- Opening Delimiter -
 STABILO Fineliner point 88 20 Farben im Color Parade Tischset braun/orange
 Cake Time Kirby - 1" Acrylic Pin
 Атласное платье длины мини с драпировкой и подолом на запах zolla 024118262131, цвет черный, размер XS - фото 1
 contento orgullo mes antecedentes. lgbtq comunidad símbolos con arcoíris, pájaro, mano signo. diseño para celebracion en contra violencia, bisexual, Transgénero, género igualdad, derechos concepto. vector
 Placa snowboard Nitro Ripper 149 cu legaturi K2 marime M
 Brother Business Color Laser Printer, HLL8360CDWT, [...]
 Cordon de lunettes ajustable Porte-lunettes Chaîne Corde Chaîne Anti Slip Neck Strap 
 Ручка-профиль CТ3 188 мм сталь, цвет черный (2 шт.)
- Closing Delimiter -
> _Exercise goal_
Copy out the whole listing above, leaving each line exactly as it stands.

> _Answer to this task_
 STABILO Fineliner point 88 20 Farben im Color Parade Tischset braun/orange
 Cake Time Kirby - 1" Acrylic Pin
 Атласное платье длины мини с драпировкой и подолом на запах zolla 024118262131, цвет черный, размер XS - фото 1
 contento orgullo mes antecedentes. lgbtq comunidad símbolos con arcoíris, pájaro, mano signo. diseño para celebracion en contra violencia, bisexual, Transgénero, género igualdad, derechos concepto. vector
 Placa snowboard Nitro Ripper 149 cu legaturi K2 marime M
 Brother Business Color Laser Printer, HLL8360CDWT, [...]
 Cordon de lunettes ajustable Porte-lunettes Chaîne Corde Chaîne Anti Slip Neck Strap 
 Ручка-профиль CТ3 188 мм сталь, цвет черный (2 шт.)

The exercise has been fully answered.